Given information:
/---

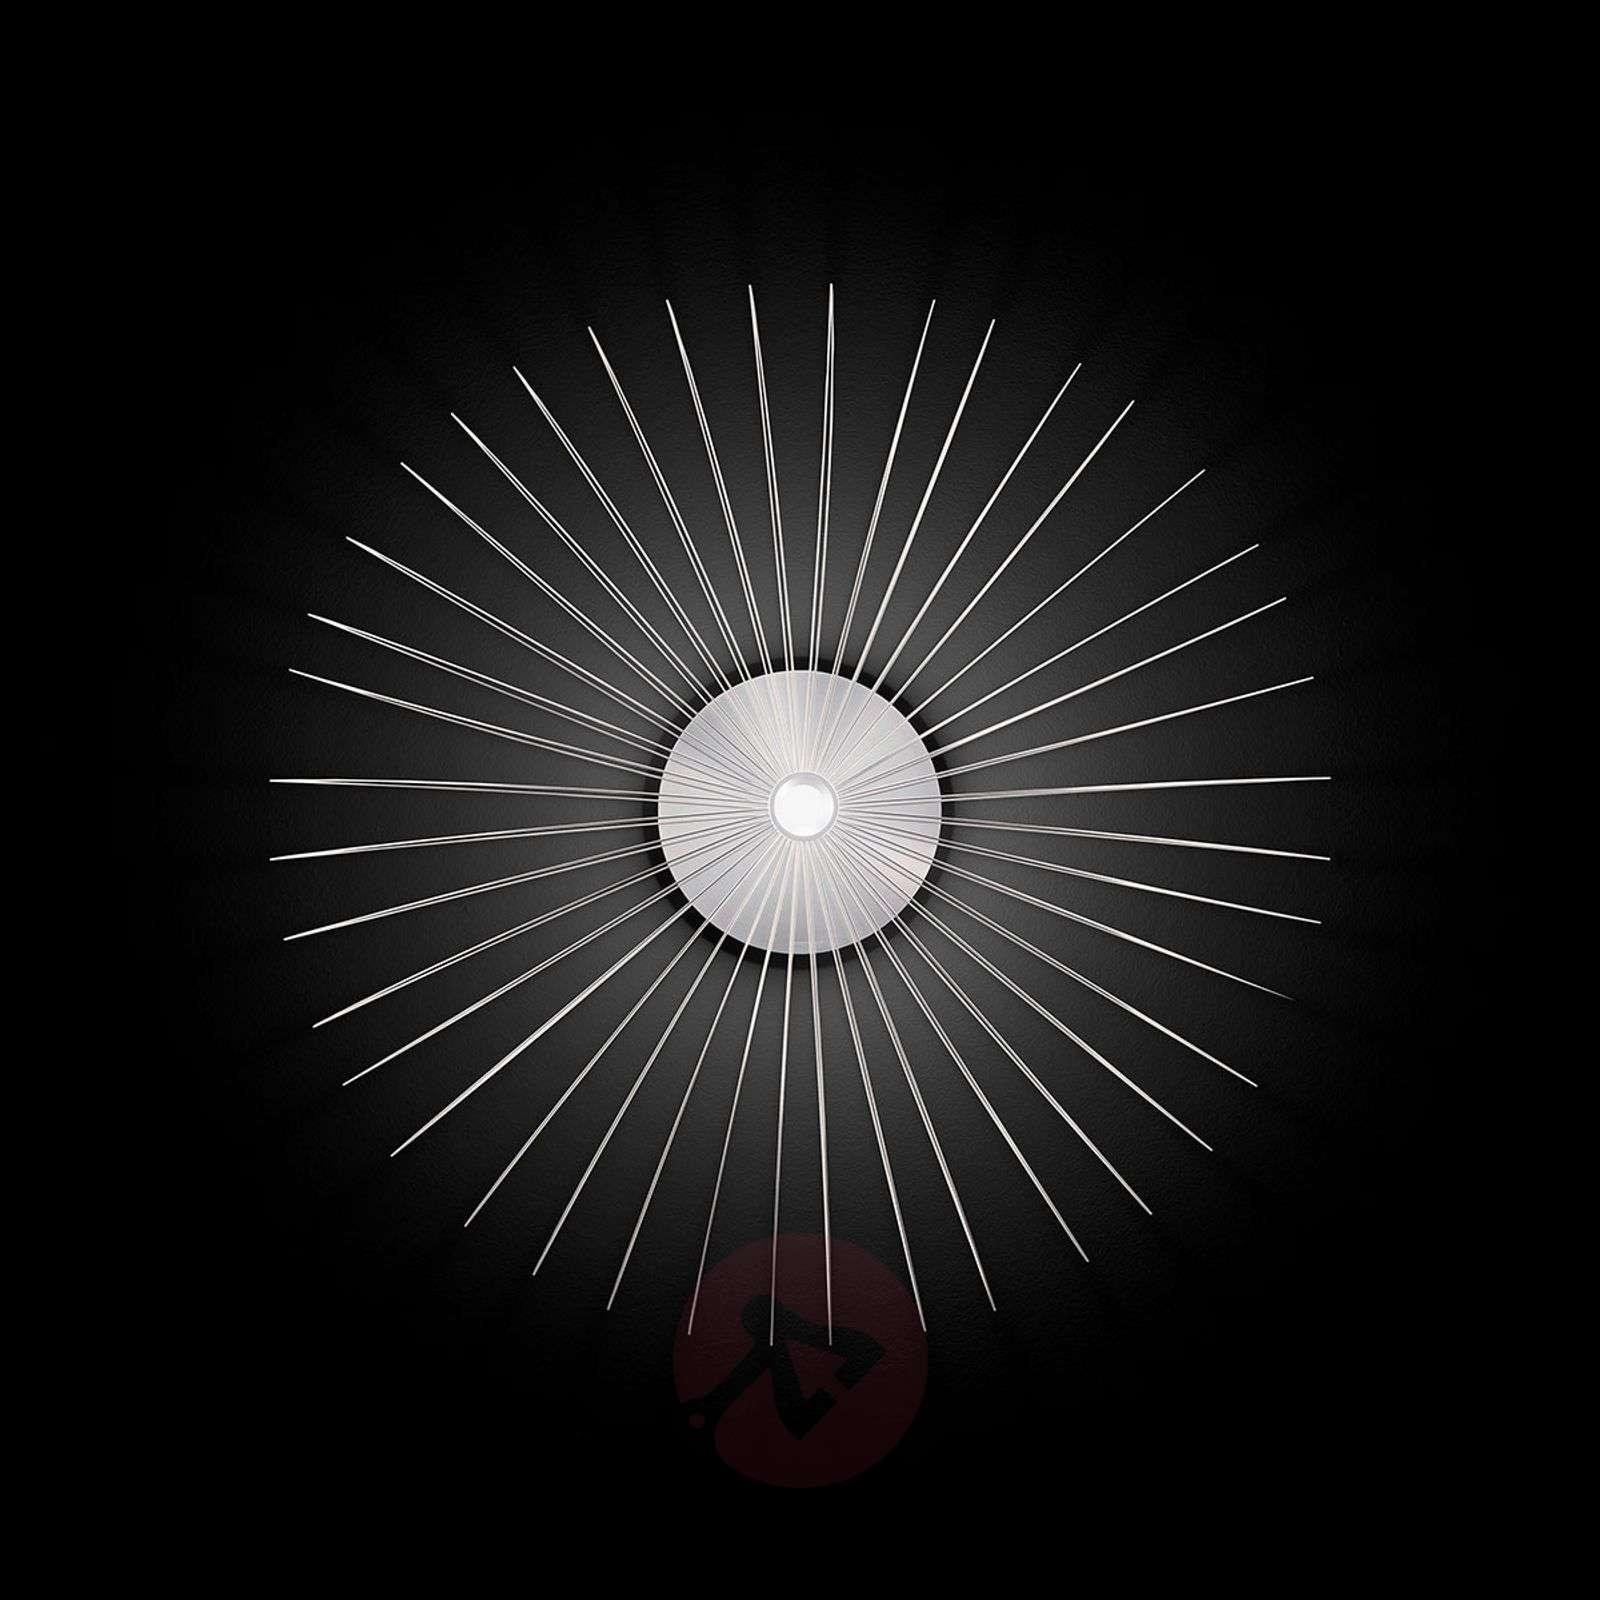 GROSSMANN Faye LED-kattovalaisin 75 cm-4022023-01
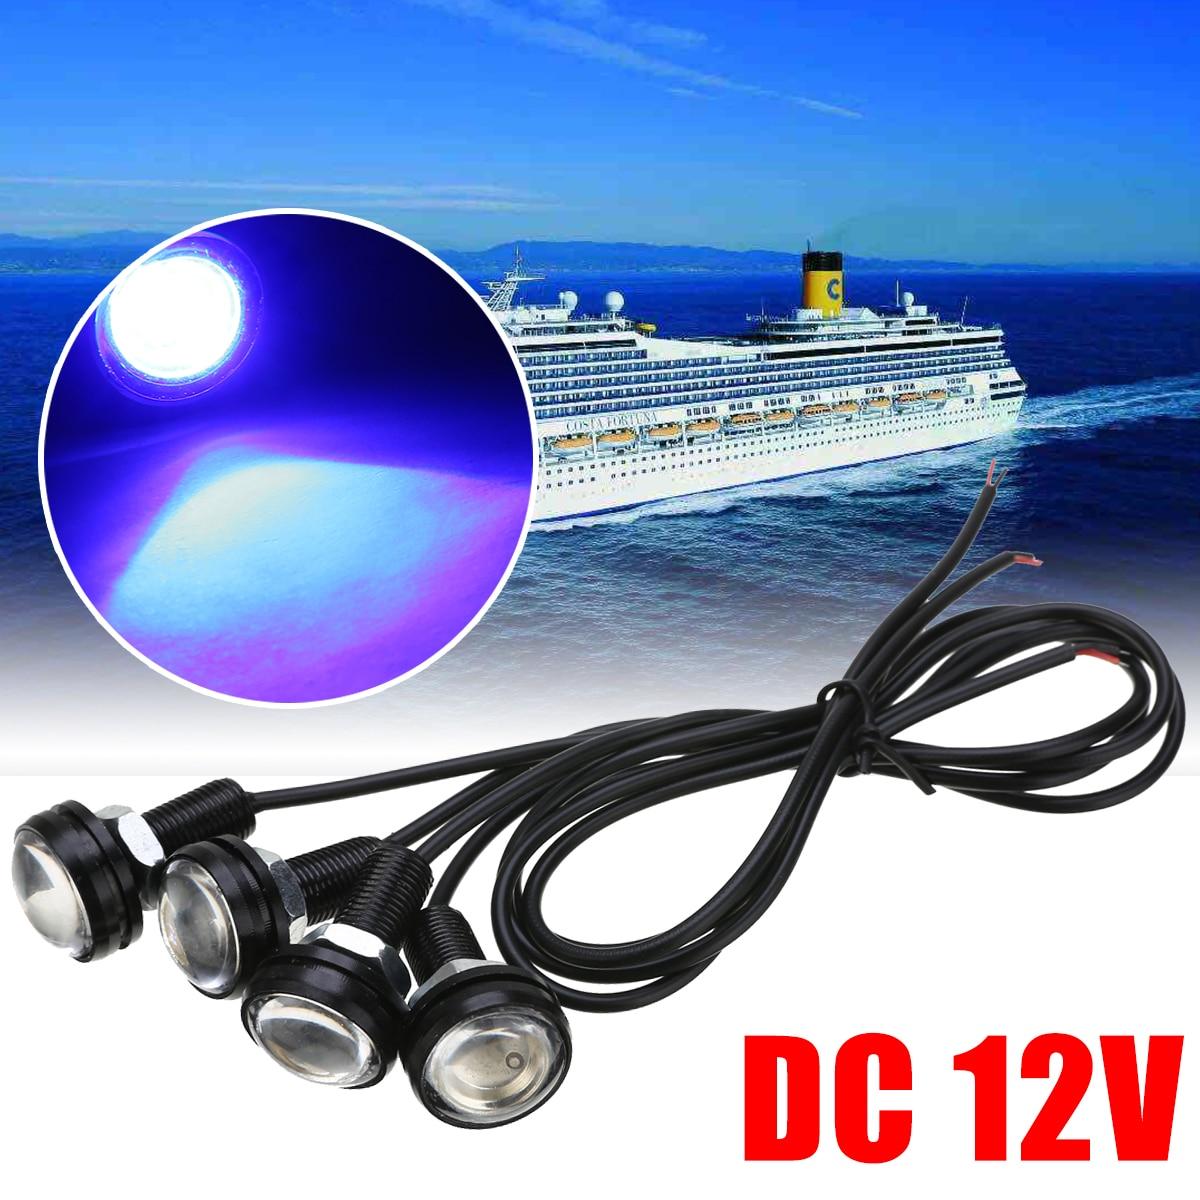 Para luces de barcos marinos 4 Uds 12V 3W azul LED Luz de barco impermeable extensor de Outrigger trapeador bajo el agua lámpara de señal de peces
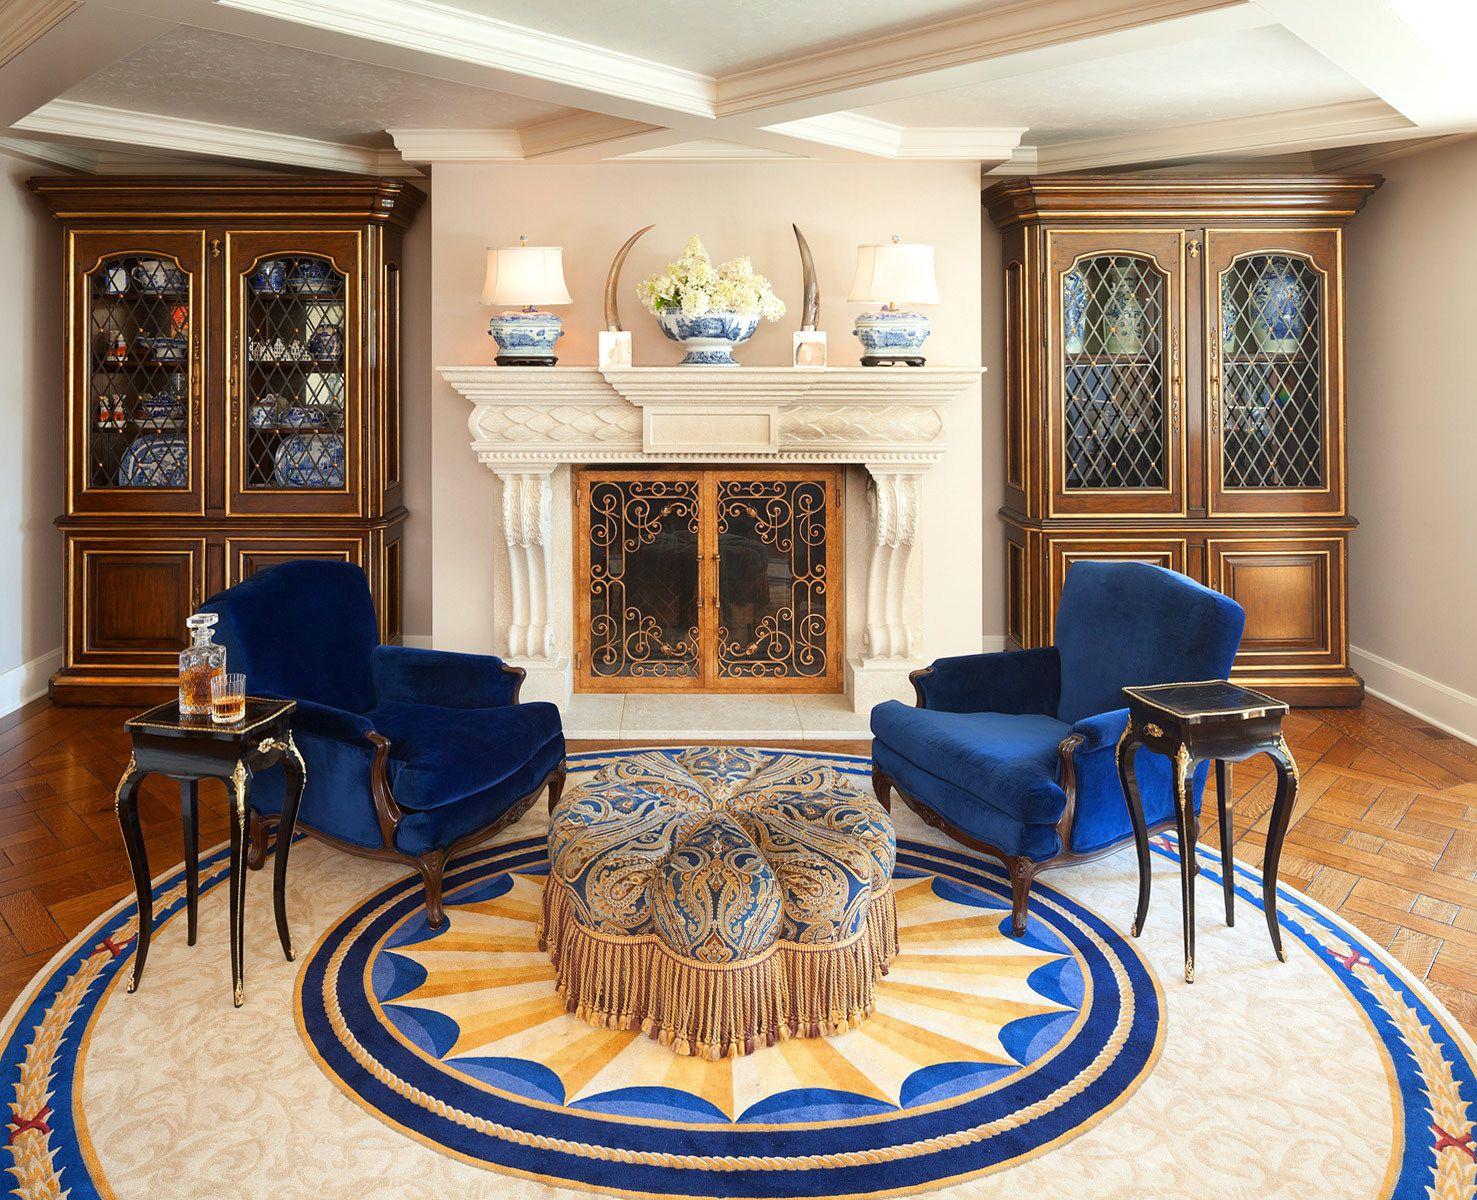 1blue_sitting_room_stone_fireplace.jpg

\---

I would like the material above returned exactly as it stands, without its pictures.

 GROSSMANN Faye LED-kattovalaisin 75 cm-4022023-01
 Para luces de barcos marinos 4 Uds 12V 3W azul LED Luz de barco impermeable extensor de Outrigger trapeador bajo el agua lámpara de señal de peces
 1blue_sitting_room_stone_fireplace.jpg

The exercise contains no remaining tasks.